Coronavirus: Freedom the first casualty in an anxious city
As Police enforce a night curfew across a virus-hit city and army reinforcements deploy to manage the chaos, Australia faces one of its blackest moments in peacetime history.
This is one of the blackest moments in Australian peacetime history.
Police to enforce a night curfew across an anxious city flooded with a virus; army reinforcements called in to help manage the pandemic chaos.
Industry, already on its knees, facing unprecedented restrictions that can do nothing but garotte the national economy.
Victorian Premier Daniel Andrews has effectively turned off the lights in Australia’s second biggest economy but he is doing this with Prime Minister Scott Morrison’s backing.
These latest measures _ and let’s pray they work _ will lead to thousands of more lost jobs and imperil thousands of more businesses. There is no other likely outcome.
Perhaps most seriously, it has curbed such basic everyday freedoms as the right to move freely between suburbs and, for many, the opportunity to earn an income.
People already reeling under the strain of a sclerotic five month campaign to beat the virus confined to their homes except for brief passage to exercise or buy food. Children, anxious and suffocated by school closures, facing arguably the toughest lockdown conditions ever imposed in modern Australia.
The social penalties are going to be as profound as the economic cost; these draconian measures will isolate a city built on the spirit and openness of culture, hospitality and sport.
The federal budget assumptions will be shot, every treasurer in the country deeply nervous about the future.
“In part, there’s some shock and awe here for people to genuinely understand that it’s a super challenging phase we are in,” Victorian Chief Health Officer Brett Sutton conceded.
The plan is to stun the community into submission, sending them back into their homes for six punishing weeks.
Andrews’s judgment is that had he not pulled these levers, Victoria could well be facing hundreds of extra cases each day until Christmas. “I think volume is the friend of no system,” he lamented.
The obvious next step is that Victoria could not sustain hundreds of new coronavirus cases each day, which naturally would bleed into hundreds of deaths over time, most of which would involve the vulnerable.
The savage truth is that the vulnerable are going to cop it regardless, with job losses, poverty and homelessness.
The very people that Victorian Labor aim to represent are the cohort most exposed to economic and personal ruin. They are the same people who are getting sick.
We know the virus was spread at first by the wealthy and the well-travelled, returning as they did from the ski fields of Aspen and the rocky hills of Provence.
But the coronavirus maps show that the COVID-19 case load is heavily biased towards struggle towns in Melbourne’s outer west and outer north.
The relationship between Spring Street and Canberra is very complex. It redefines the notion of passive aggression.
Morrison said on Sunday he was right behind the Victorian government.

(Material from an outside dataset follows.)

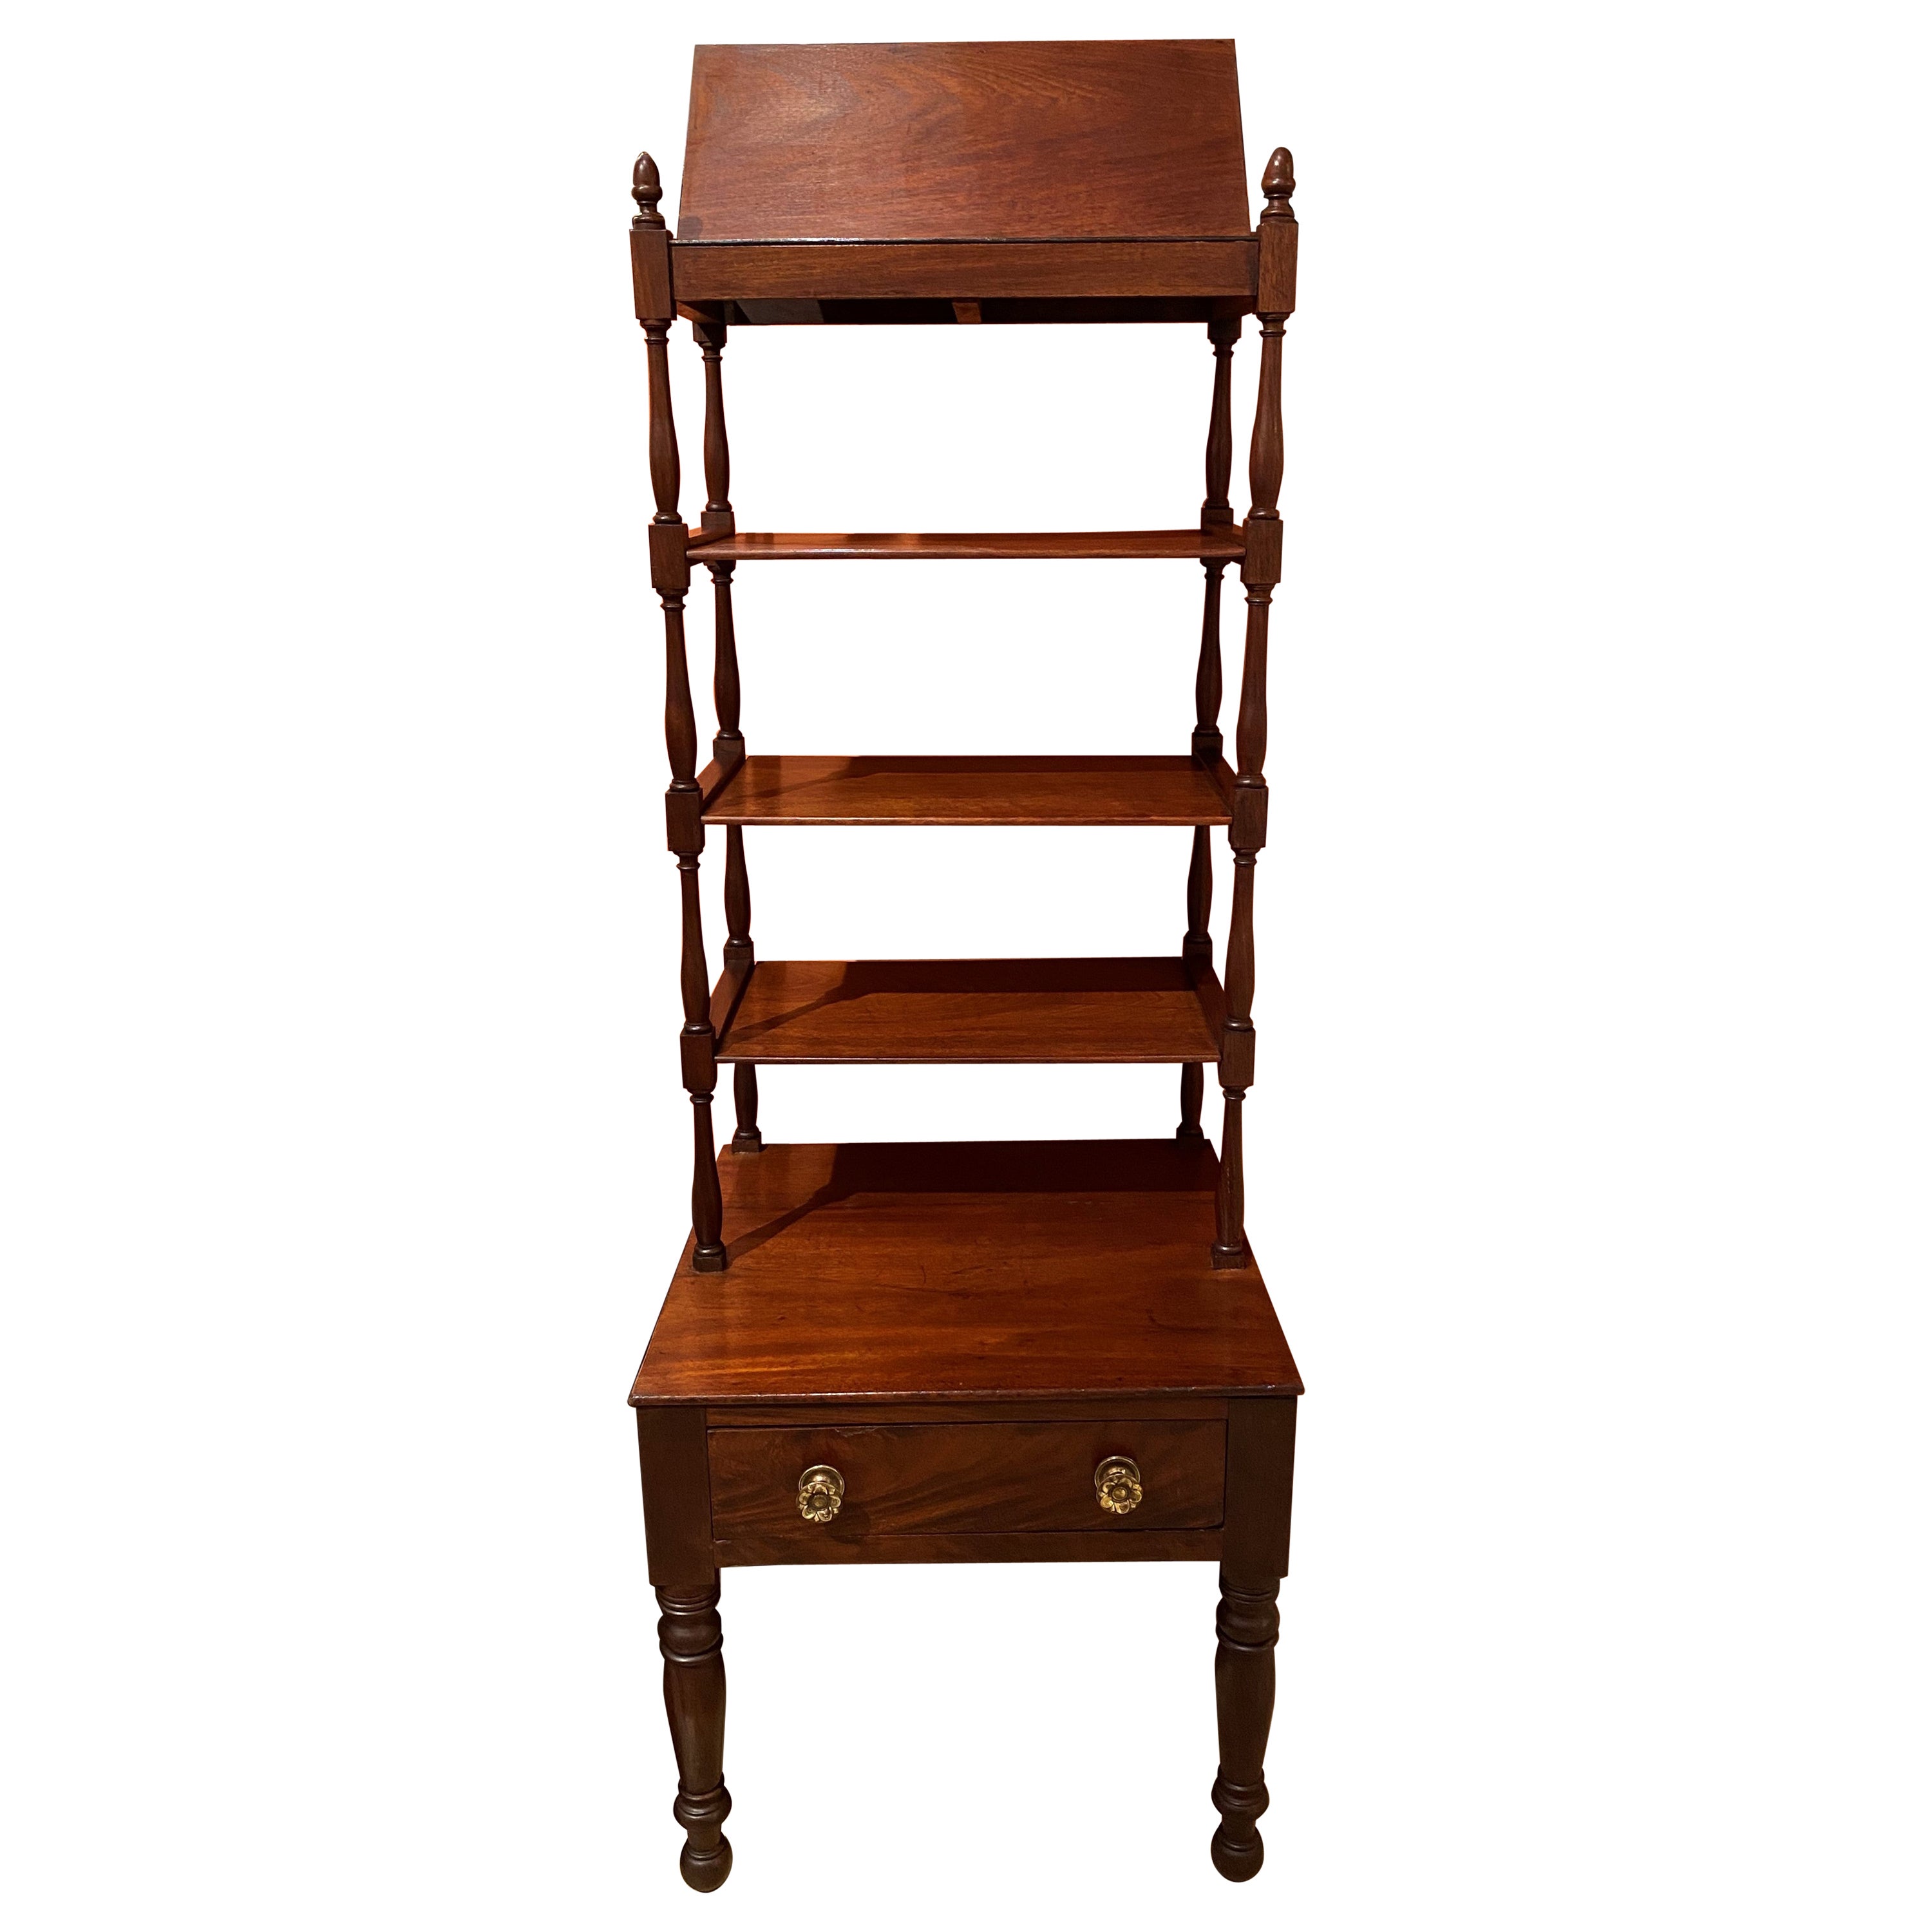 Rare 19th Century New York Mahogany One-Drawer Étagère with Four Shelves For Sale

“The federal and Victorian state government are working together and doing everything we can to get on top of this latest outbreak,” he wrote on Facebook.

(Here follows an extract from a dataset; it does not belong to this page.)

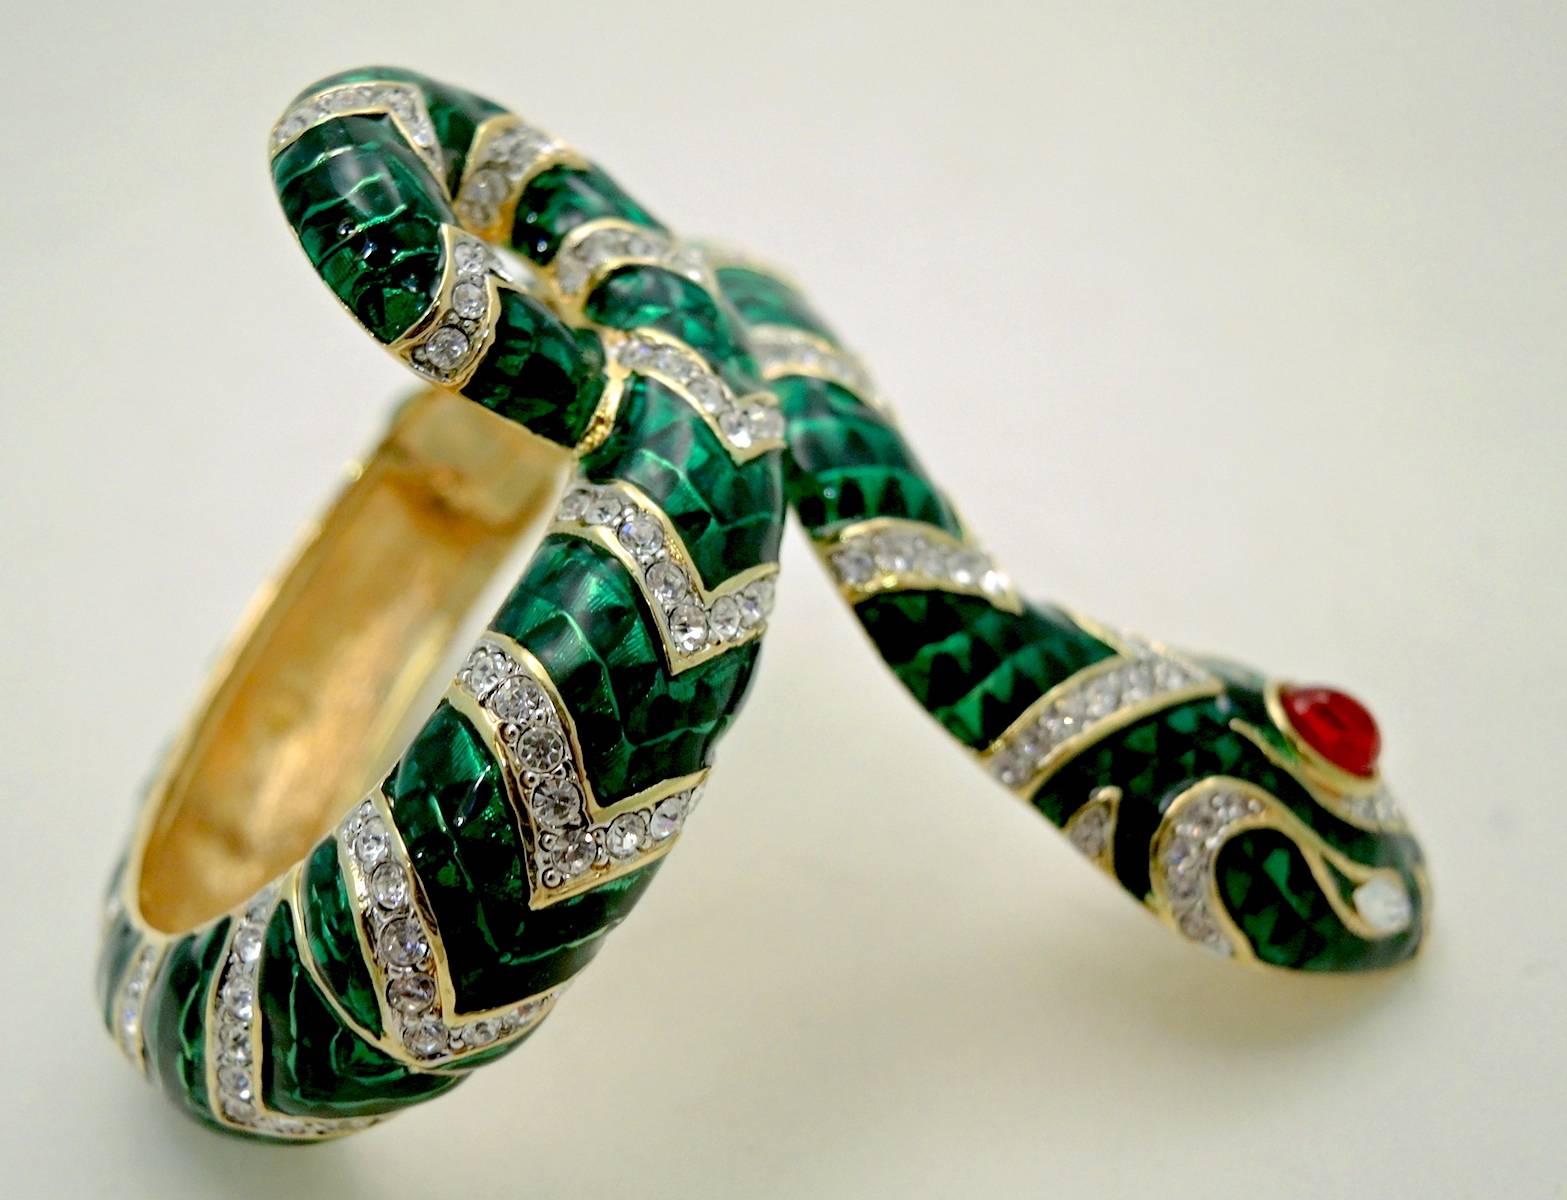 This is one of Kenneth Jay Lane’s gorgeous serpent bracelets that is made with green enamel and beautiful clear crystals. It has a large red crystal on the top of the head and teardrop shaped clear crystal eyes. It measures 8” x 3-3/8” at the widest

“Australians all around the country are backing you in, because we all know for Australia to succeed, we need for Victoria to get through this.”
Outwardly, there is cohesion but beneath the surface, deep anger about the way the coronavirus outbreak in Victoria has been managed.
The inquiry into the government’s handling of hotel quarantine will finish not long after the next six-week lockdown block is pencilled to end.
So much of what has happened has been policy on the run, forced in many ways by the viciousness of the coronavirus.
Victoria is once again sprinting to an unknown finish line with only part of Lockdown 3.0 dealt with during the Sunday press conference.
In some ways, Melbourne is Australia’s gateway to the world.
The busiest container port in the country and the southern centre of supply chains. We will know tomorrow which industries will be stopped for six weeks, which sectors slowed and which sectors survive.
This is going to be a bloodbath for some sectors. It may well determine the supply of such basic staples as meat, poultry and electrical goods across Australia.
We know these industries are vulnerable because each day the Victorian Department of Health and Human Services releases statistics that show where the key COVID-19 outbreaks area.
Many are linked to meatworks and supermarket and warehouse distribution.
These are the supply chains that Scott Morrison, Josh Frydenberg and Daniel Andrews are so desperately worried about.
Andrews has been stating repeatedly that workplaces are driving much of the coronavirus transmission across Victoria.
It’s the ultimate Catch-22.
Most people have been going about their business with the honest aim of feeding their families and paying the rent. Only to spread a virus that kills the vulnerable and is threatening to destroy a nation’s economic future.
Australia has not been this vulnerable for generations.